79. The composition according to claim 1, wherein the composition is in a form chosen from shampoos, conditioners, compositions for permanent-waving, straightening, dyeing or bleaching hair, rinse-out compositions to be applied between the two steps of a permanent-waving or hair-straightening operation, and washing compositions for a body.

80. A composition for washing or caring for a keratin material comprising, in a cosmetically acceptable medium, at least one aminosilicone comprising at least one aminoethylimino(C₄-C₈)alkyl group and at least one conditioner, wherein the composition is effective for washing or caring for the keratin material.

81. A method for washing or caring for a keratin material comprising applying to the keratin material a composition comprising, in a cosmetically acceptable medium, at least one aminosilicone comprising at least one aminoethylimino(C₄-C₈)alkyl group and at least one conditioner.

82. A method of manufacturing a cosmetic composition comprising including in the composition at least one aminosilicone comprising at least one aminoethylimino(C₄-C₈)alkyl group and at least one conditioner

83. A composition for conditioning a keratin material comprising, in a cosmetically acceptable medium, at least one aminosilicone comprising at least one aminoethylimino(C₄-C₈)alkyl group and at least one conditioner, wherein the composition is effective for conditioning the keratin material.

84. A process for conditioning a keratin material comprising applying to the keratin material a composition comprising, in a cosmetically acceptable medium, at least one aminosilicone comprising at least one aminoethylimino(C₄-C₈)alkyl group and at least one conditioner.

85. A process for treating a keratin material comprising applying to the keratin material a cosmetic composition comprising, in a cosmetically acceptable medium, at least one aminosilicone comprising at least one aminoethylimino(C₄-C₈)alkyl group and at least one conditioner, and then optionally rinsing the keratin material with water.

86. The process according to claim 85, wherein the keratin material is hair.

87. A composition for improving lightness, softness, sheen and/or disentangling, and/or providing ease of styling of a keratin material comprising, in a cosmetically acceptable medium, at least one aminosilicone comprising at least one aminoethylimino(C₄-C₈)alkyl group and at least one conditioner;

wherein the composition is effective in improving lightness, softness, sheen and/or disentangling, and/or providing ease of styling of the keratin material.

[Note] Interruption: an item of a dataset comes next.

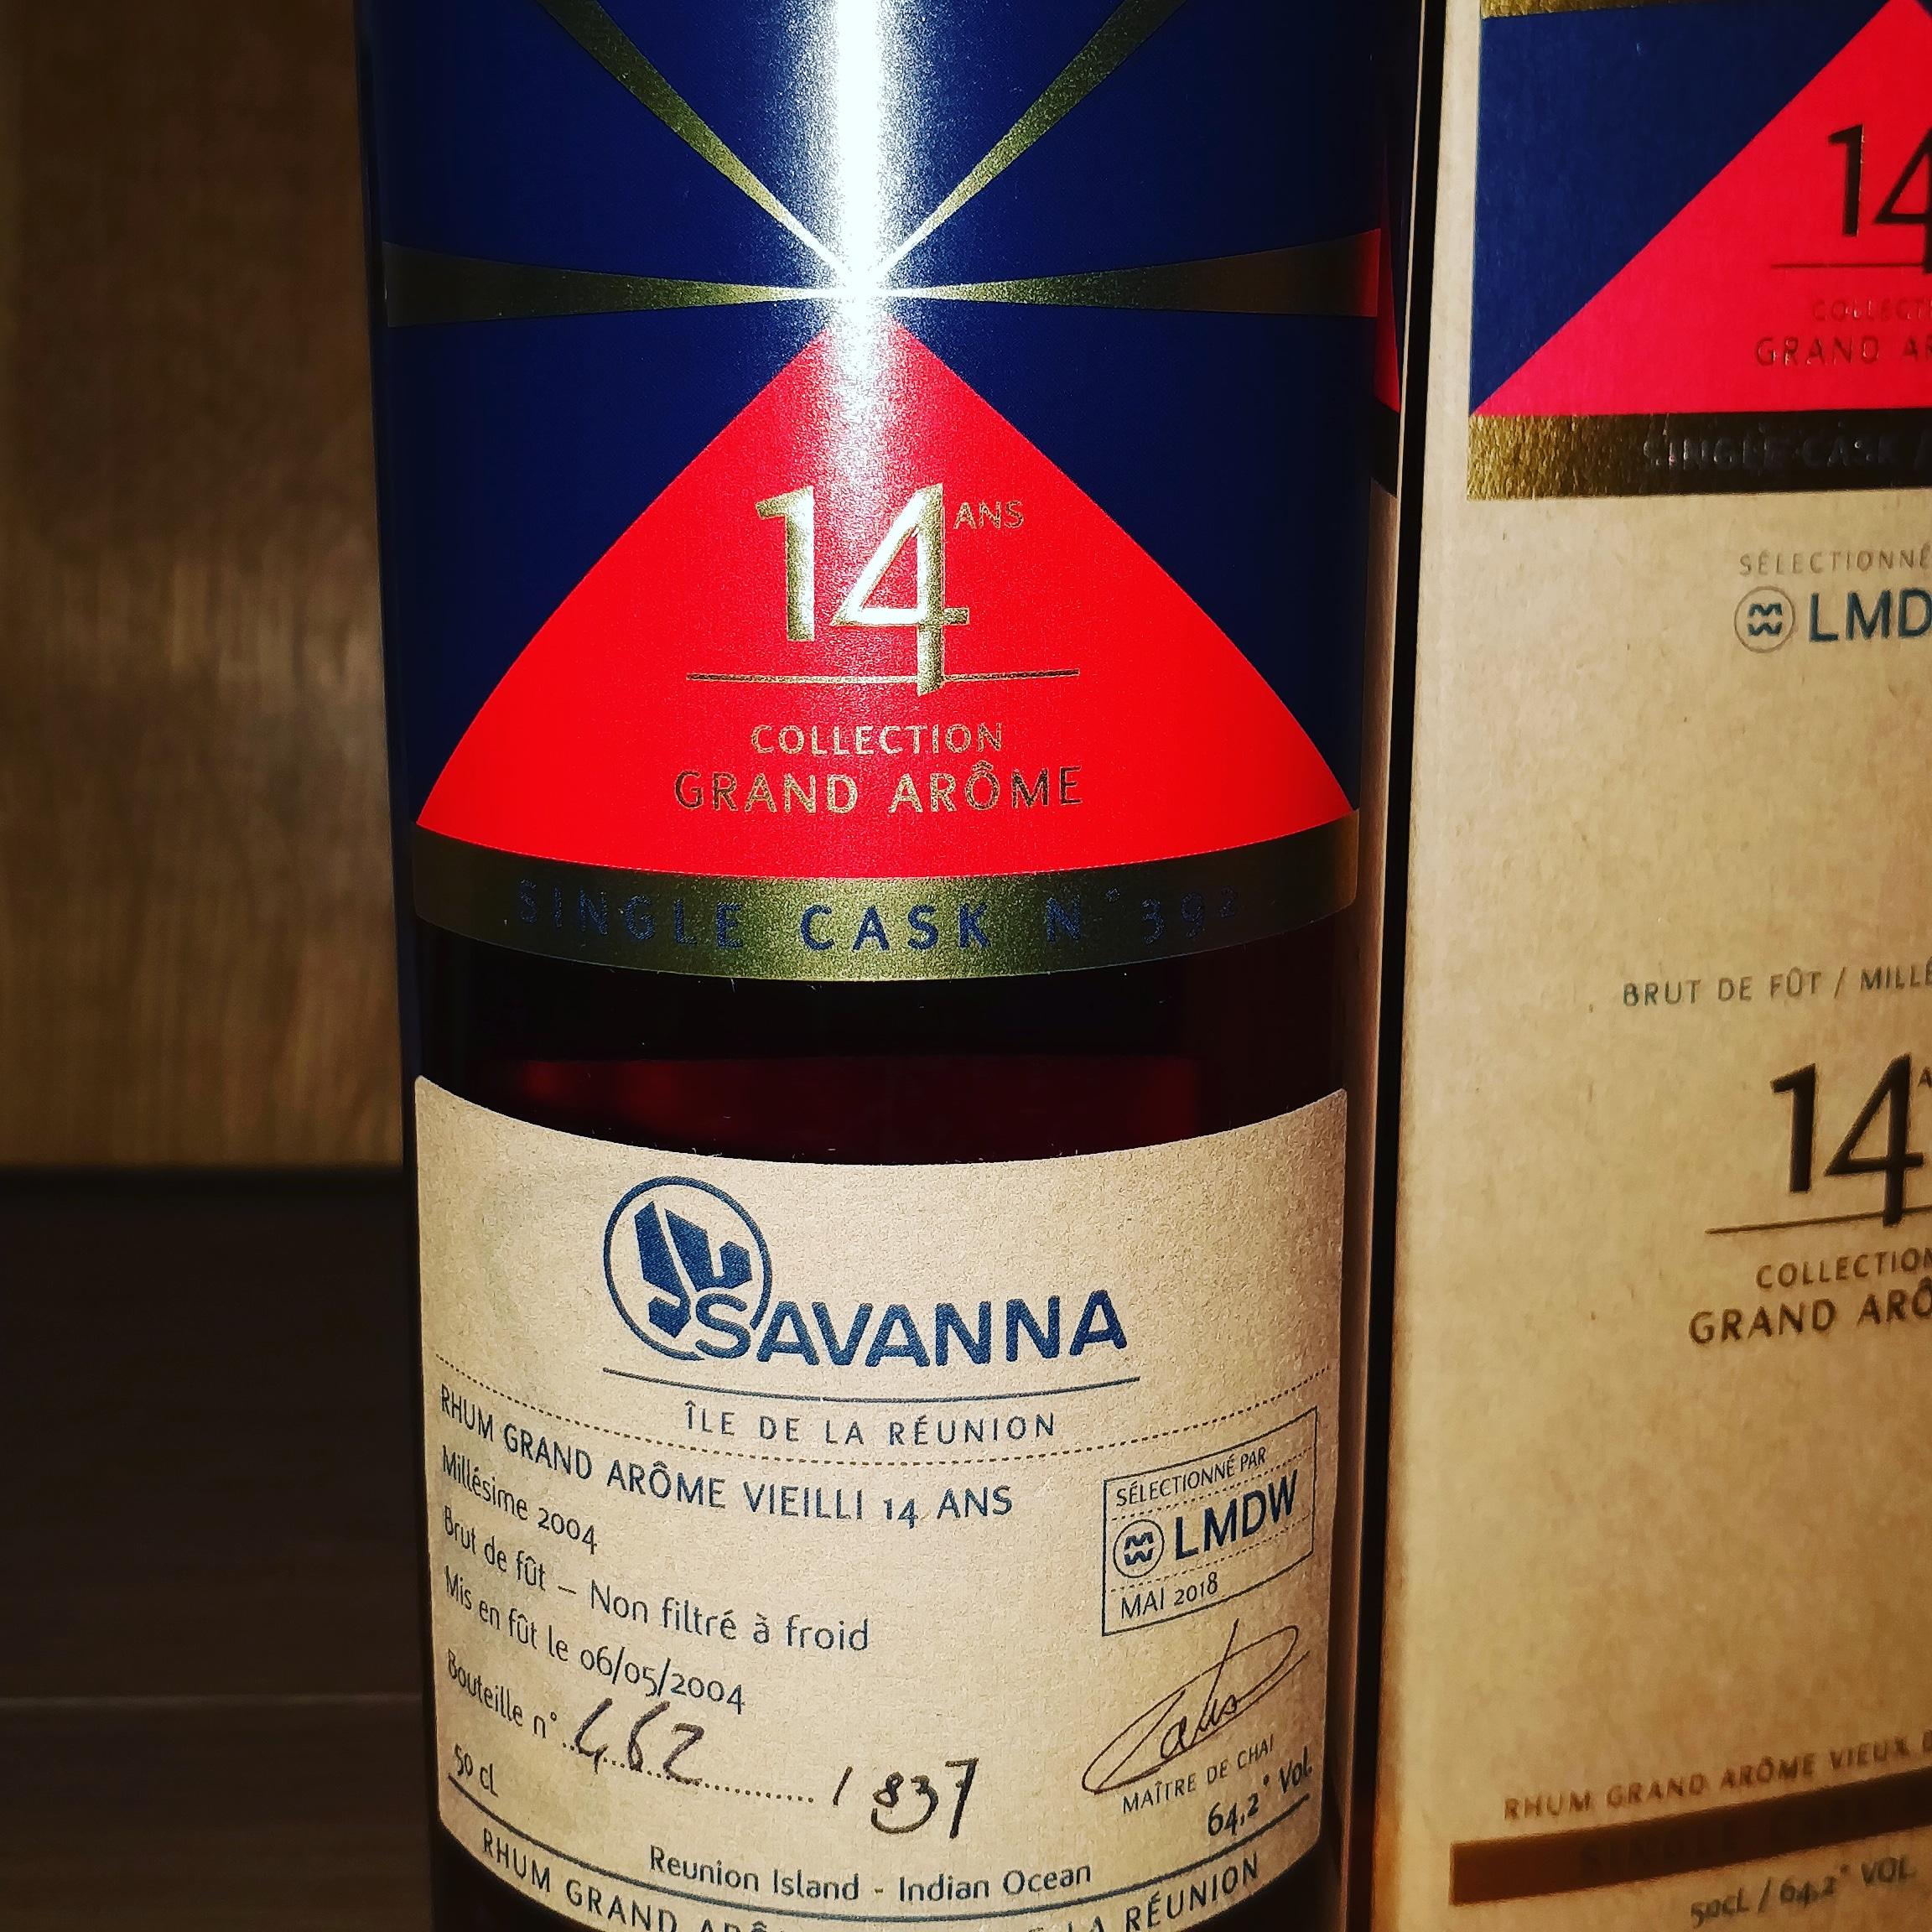 Savanna 14 ans Grand Arôme  single cask 392

88. A method for improving lightness, softness, sheen and/or disentangling, and/or providing ease of styling of a keratin material comprising applying to the keratin material a composition comprising, in a cosmetically acceptable medium, at least one aminosilicone comprising at least one aminoethylimino(C₄-C₈)alkyl group and at least one conditioner.

89. A composition for improving persistent and remanent effects with respect to shampooing several times comprising, in a cosmetically acceptable medium, at least one aminosilicone comprising at least one aminoethylimino(C₄-C₈)alkyl group and at least one conditioner; wherein the composition is effective for improving persistent and remanent effects with respect to shampooing several times.

90. A method for improving persistent and remanent effects with respect to shampooing several times, comprising including in a composition at least one aminosilicone comprising at least one aminoethylimino(C₄-C₈)alkyl group and at least one conditioner.

91. A composition for improving remanence of the conditioning effects with respect to shampooing comprising, in a cosmetically acceptable medium, at least one aminosilicone comprising at least one aminoethylimino(C₄-C₈)alkyl group and at least one conditioner; wherein the composition is effective in improving remanence of the conditioning effects with respect to shampooing.

92. A method for improving remanence of the conditioning effects with respect to shampooing, comprising including in a composition at least one aminosilicone comprising at least one aminoethylimino(C₄-C₈)alkyl group and at least one conditioner.

93. A process for improving remanence of conditioning effects of a cosmetic composition with respect to shampooing comprising including in said composition at least one aminosilicone, wherein the at least one aminosilicone comprises at least one aminoethylimino(C₄-C₈)alkyl group.